What after you have seen 1,000 moons?

Life for many of us is not about artistic genius or business impact. It is about small pleasures, rich relationships and the ability to make peace with your soul

The Good Life | Shoba Narayan

Posted: Fri, Aug 17 2012. 8:32 PM IST

In the last six months, I have participated in five sathabhishekams-as 80th birthdays are called in my community.  Milestone events help you mark time and take stock.  For the Hindu 80th birthday, the date is usually fixed after the person has seen 1000 full-moons.  Both my father and father-in-law celebrated this, as did three very close uncles.  In the West, people turn 80 and take viagra.  In my community, people turn 80 and drink hot-water infused with dried ginger root.  Hugh Hefner might gather around 11 Playboy bunnies for his 80th birthday.  We gather around 11 bare-bodied priests who will chant the Rudram in praise of the ascetic God, Shiva.    Typical of the patriarchy that still pervades Hinduism, this 80th birthday is usually celebrated for the man.

Turning 80 is a good time to confront the question that author Clayton M. Christensen poses in his well-meaning but ultimately pointless book: how will you measure your life? The premise of Christensen’s book, and one that I disagree with, is that wisdom can be taught; that happiness can be engineered.   For example, Christensen blithely imparts business concepts-the most gag-inducing one being, ‘Create a culture,’– that aim to help the reader pursue happiness.  The book should have been an article.  At best, it serves as a nudge; something that readers can mull over and then most likely forget.  Behavioral modification of the kind Christensen advocates requires discipline and commitment, both of which can be taught but not through a book.  Teaching it in a classroom environment over the course of months seems to be a better model.  The best way is to follow Christensen’s own approach.  He earned the right to write this book through intense introspection, which arguably, is the only way to gain wisdom.  He says that he spent an hour a day during his year as a Rhodes scholar meditating and praying about the purpose of his life.  Each phrase in the previous sentence delineates Christensen as an exceptional person.  What about the rest of us? What about the average person who doesn’t have the intellect to be a Rhodes Scholar; the faith and the discipline to meditate an hour a day at age 20-something; or the means to do any of the above?

My skepticism of self-help books such as Christensen’s doesn’t, however, detract from the seductiveness of its title.  How will you measure your life? For the educated elite, and certainly those graduating from Harvard Business School, where Christensen teaches, a good measure of a life well-lived would be impact and legacy: building an institution, affecting countless lives, making enough wealth to pass on to future generations, improving the world.

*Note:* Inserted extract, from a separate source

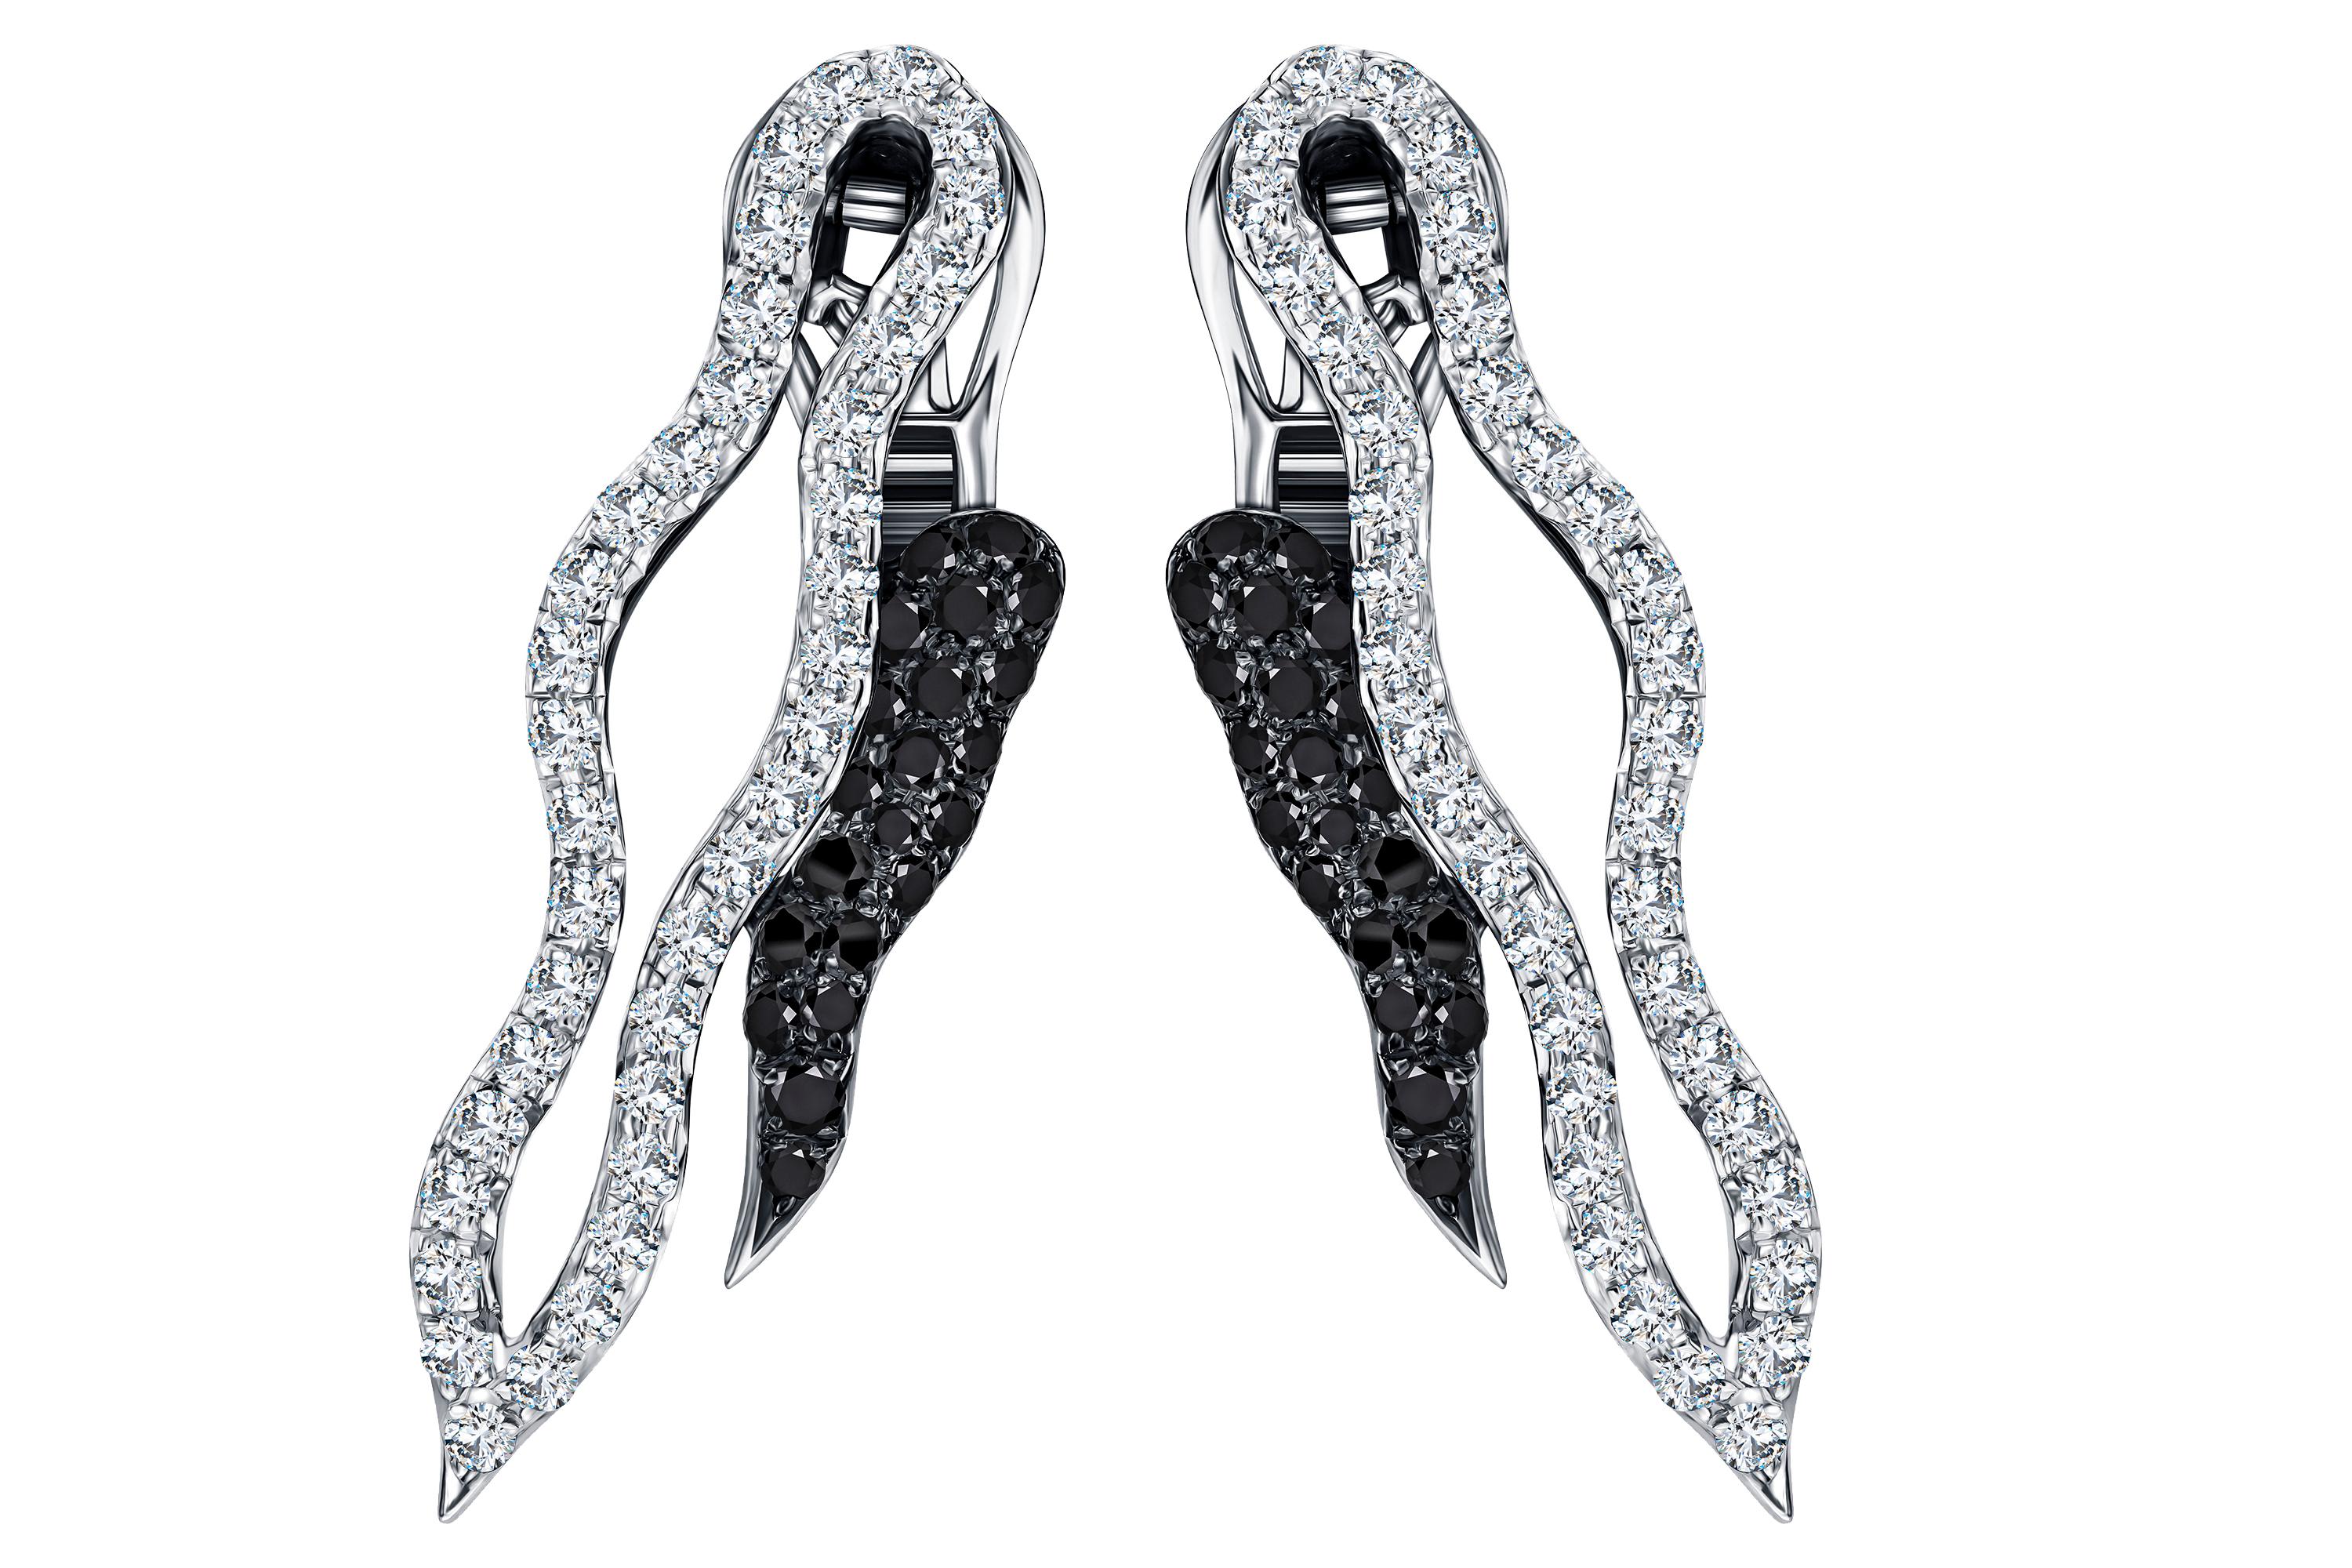 These stunning 18 Karat White Gold earrings feature 2.12 Carats of Round Brilliant White Diamonds F/G -VS1 and 1.17 Carats of Round Brilliant Black Diamonds. British Hallmark by The London Assay Office, certified by the IGR.
There is a matching

Legacy in this business context is usually built or engineered, but in the art world, it can often be an accident.  When the Japanese artist, Hokusai, created the woodblock print that would become a Japanese art icon nearly 200 years later, he didn’t know he was creating a legacy.  His print, The Great Wave off Kanagawa, is among the most recognizable pieces of Japanese art.  But Hokusai wasn’t aiming for immortality when he created that beautiful wood-block print in Prussian blue.  He was cultivating the self; aiming for the divine.  A quote attributed to him at the end of his life says that none of the pictures he had produced till age 70 had little merit.  “At 100, I will make real wonders and at 110, every point, every line, will have a life of its own,” said Hokusai.  I have read similar quotes from Hindustani musicians in Sheela Dhar’s wonderful book, “Raga n’ Josh,” in which singers aim for honesty and integrity in every musical phrase they essay.  Hokusai’s measure of his life in terms of the integrity of his art was every bit as lofty and ambitious as Andrew Carnegie’s desire to build steel plants and cultural institutions.  The East plumbs inward to chart and measure growth of the self; the West measures external impact.  But what of average lives that cannot be measured through achievement either in the material or artistic sense?    Life, for many of us is not about artistic genius or business impact.  It is about small pleasures, rich relationships, and the ability to make peace with your soul.  It is about what author Katrina Kenison calls, “The Gift of the Ordinary Day.”

The people who attended my father-in-law’s 80th birthday were not the spectrum of political contacts he had made during his years in Delhi.  They were a broader version of that vaunted Indian stereotype: the joint family.  Who will come to your birthday when you turn 80? Who will you invite to be with you when you have little to gain and nothing to prove? As I saw this year with five sathabhishekams, it will be those people who are part of you; the people you love.

How will you measure you life? By increasing the surface area of the people you love.  Unlike monuments that can be built; unlike intelligence, which can be faked; learning to love your frail friends and dysfunctional family requires tolerance and generosity.  Affection is not about what you do; it is about who you are.  Worst of all– from a goal-oriented point of view–it cannot be measured, only felt.  Building a web of affection is, to my mind, the hardest goal there is; and also one of the few goals worth pursuing.

 

Shoba Narayan doesn’t measure her life but that may be because she isn’t good in mathematics.